THE DATA →
::::::::::
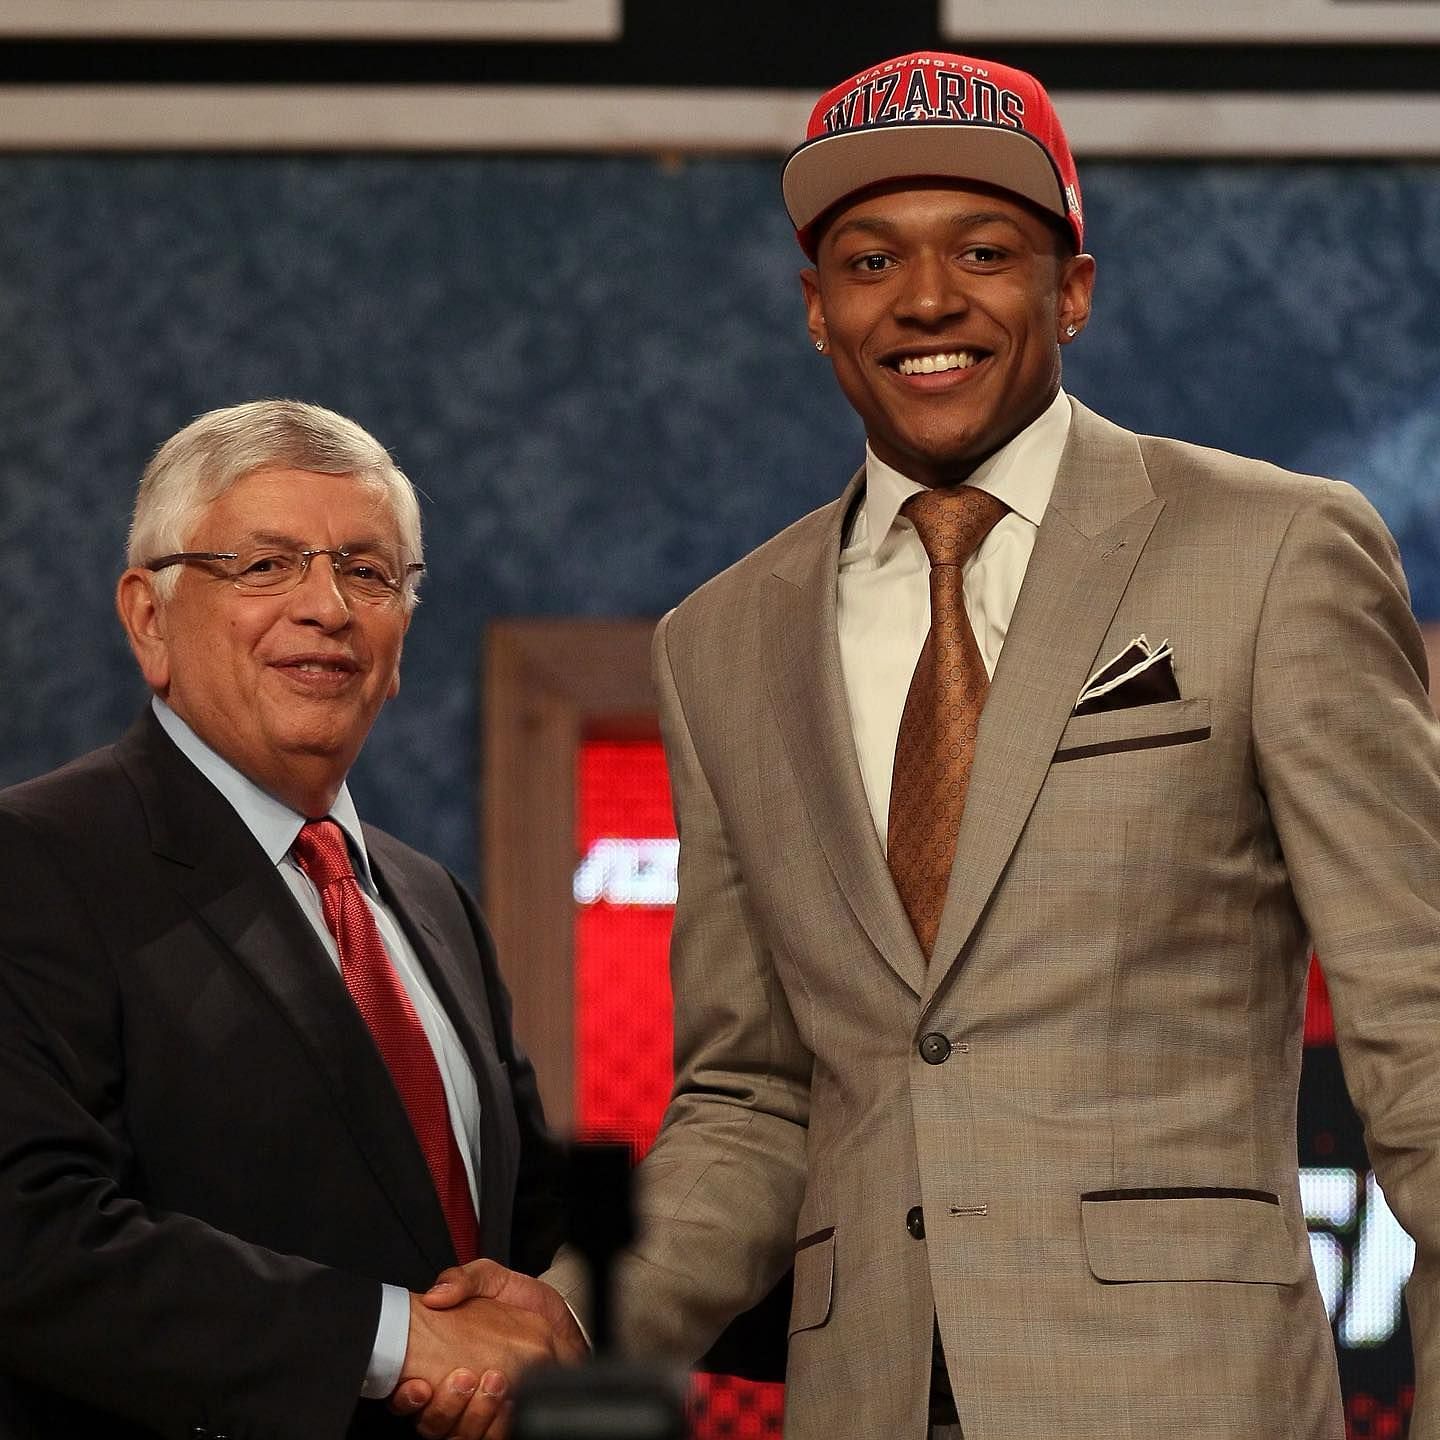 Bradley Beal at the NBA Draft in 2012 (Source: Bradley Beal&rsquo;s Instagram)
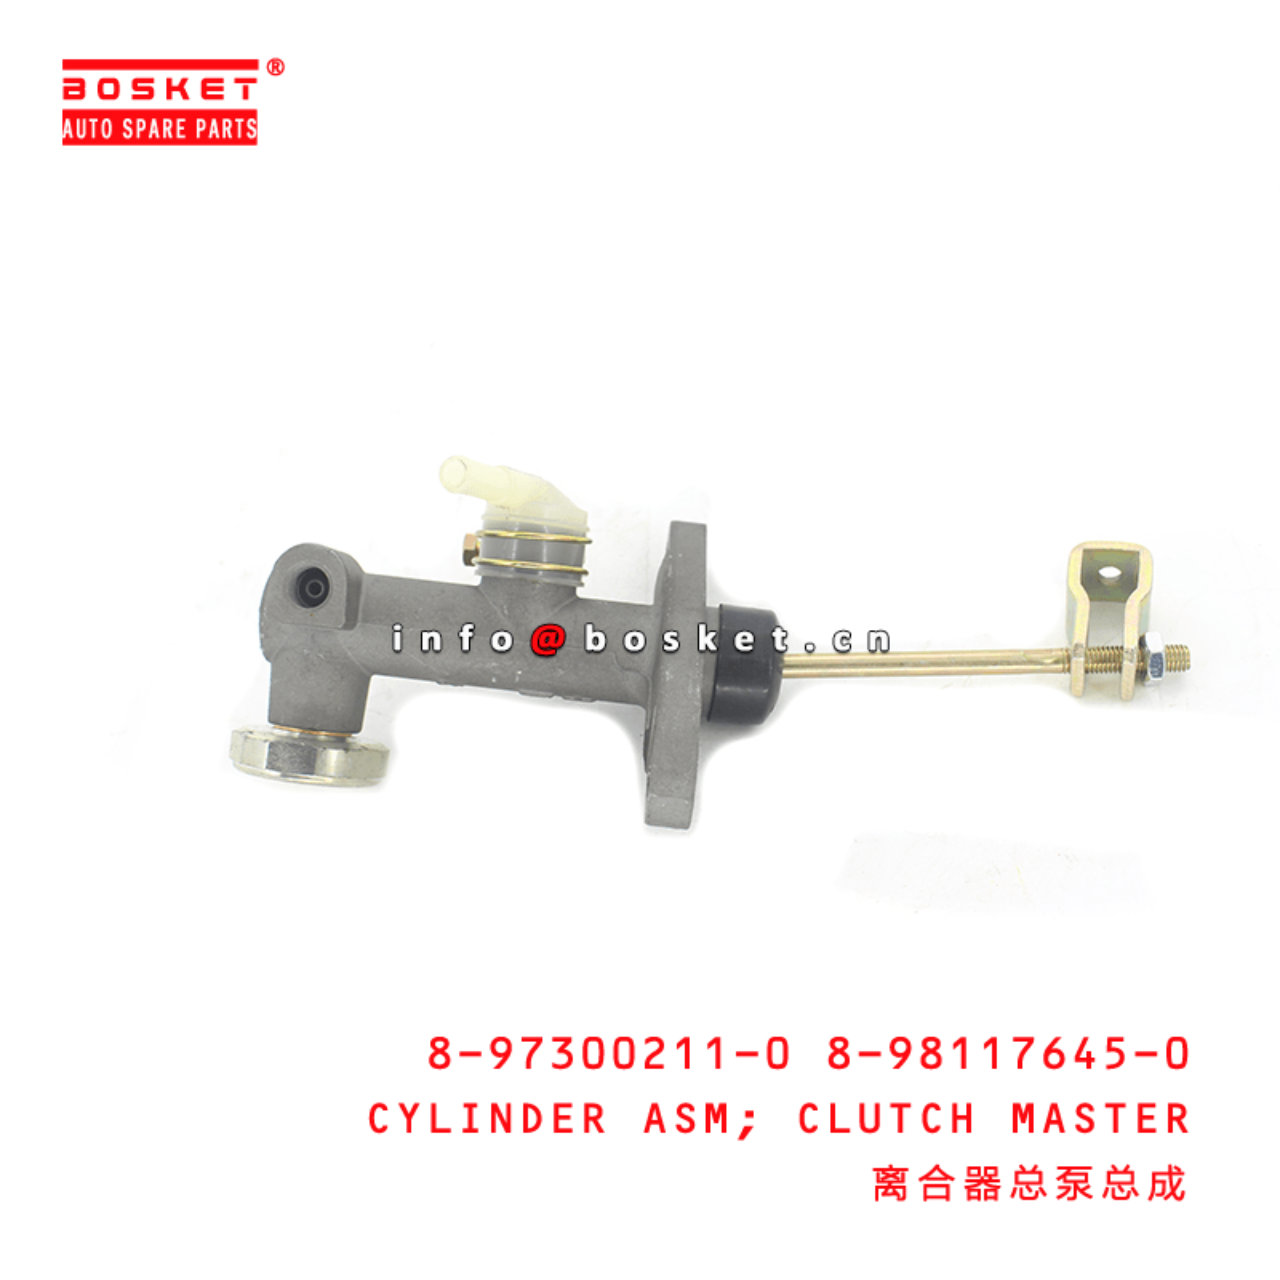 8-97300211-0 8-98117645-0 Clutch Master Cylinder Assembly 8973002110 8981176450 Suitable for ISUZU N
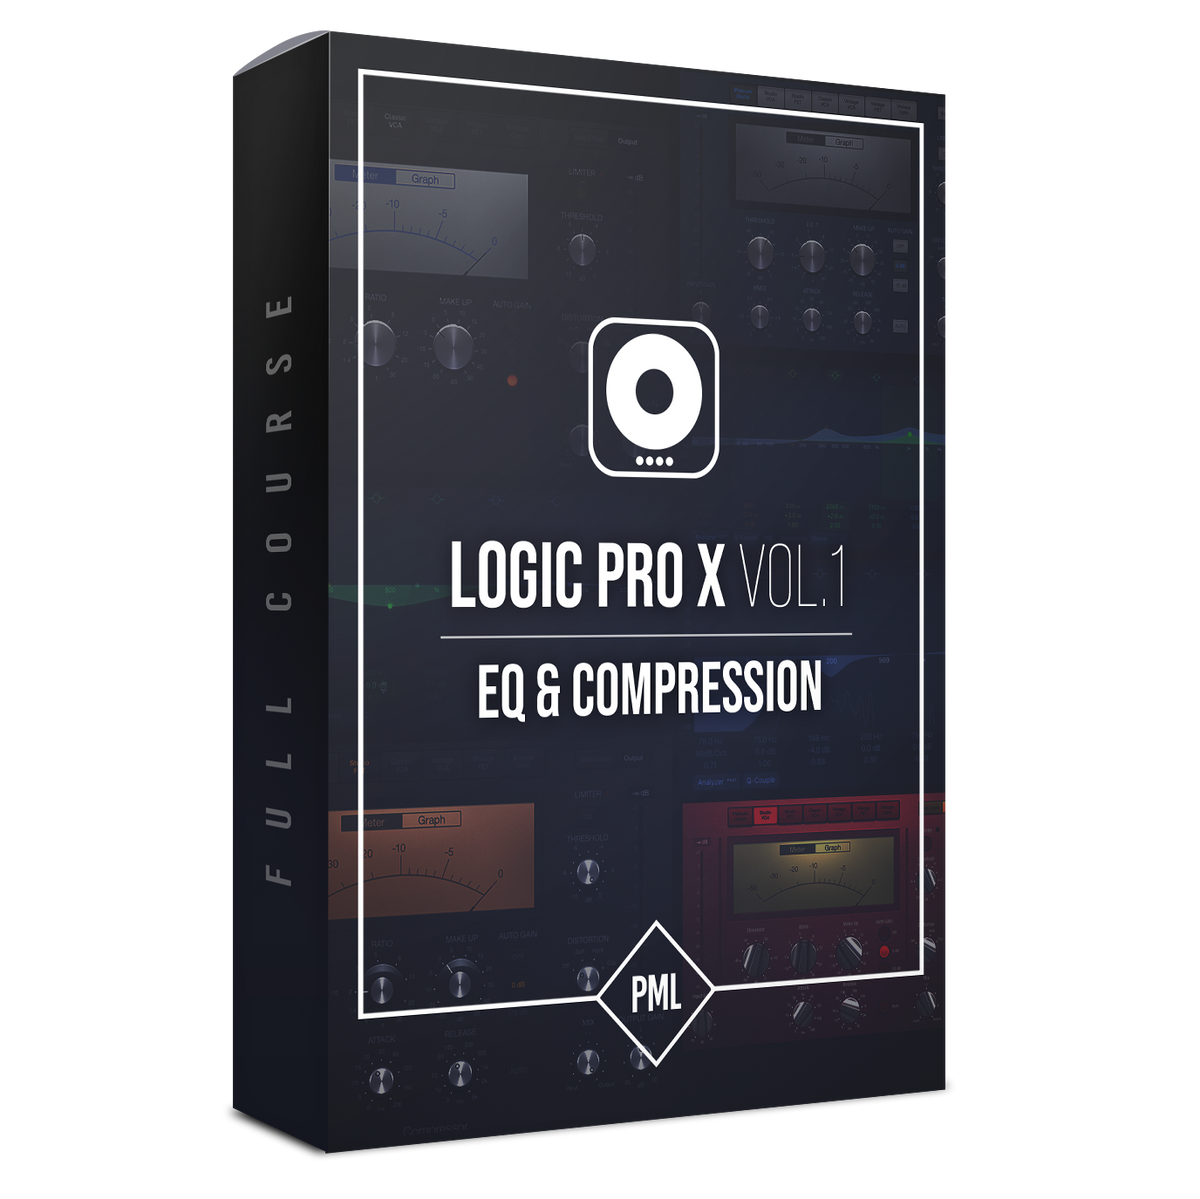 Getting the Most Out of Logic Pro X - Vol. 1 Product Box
::::::::::
WHAT NEEDS TO BE DONE → Would you retype all the lines shown above, exactly as written and without any picture?

WRITTEN ANSWER →
 Bradley Beal at the NBA Draft in 2012 (Source: Bradley Beal&rsquo;s Instagram)
 8-97300211-0 8-98117645-0 Clutch Master Cylinder Assembly 8973002110 8981176450 Suitable for ISUZU N
 Getting the Most Out of Logic Pro X - Vol. 1 Product Box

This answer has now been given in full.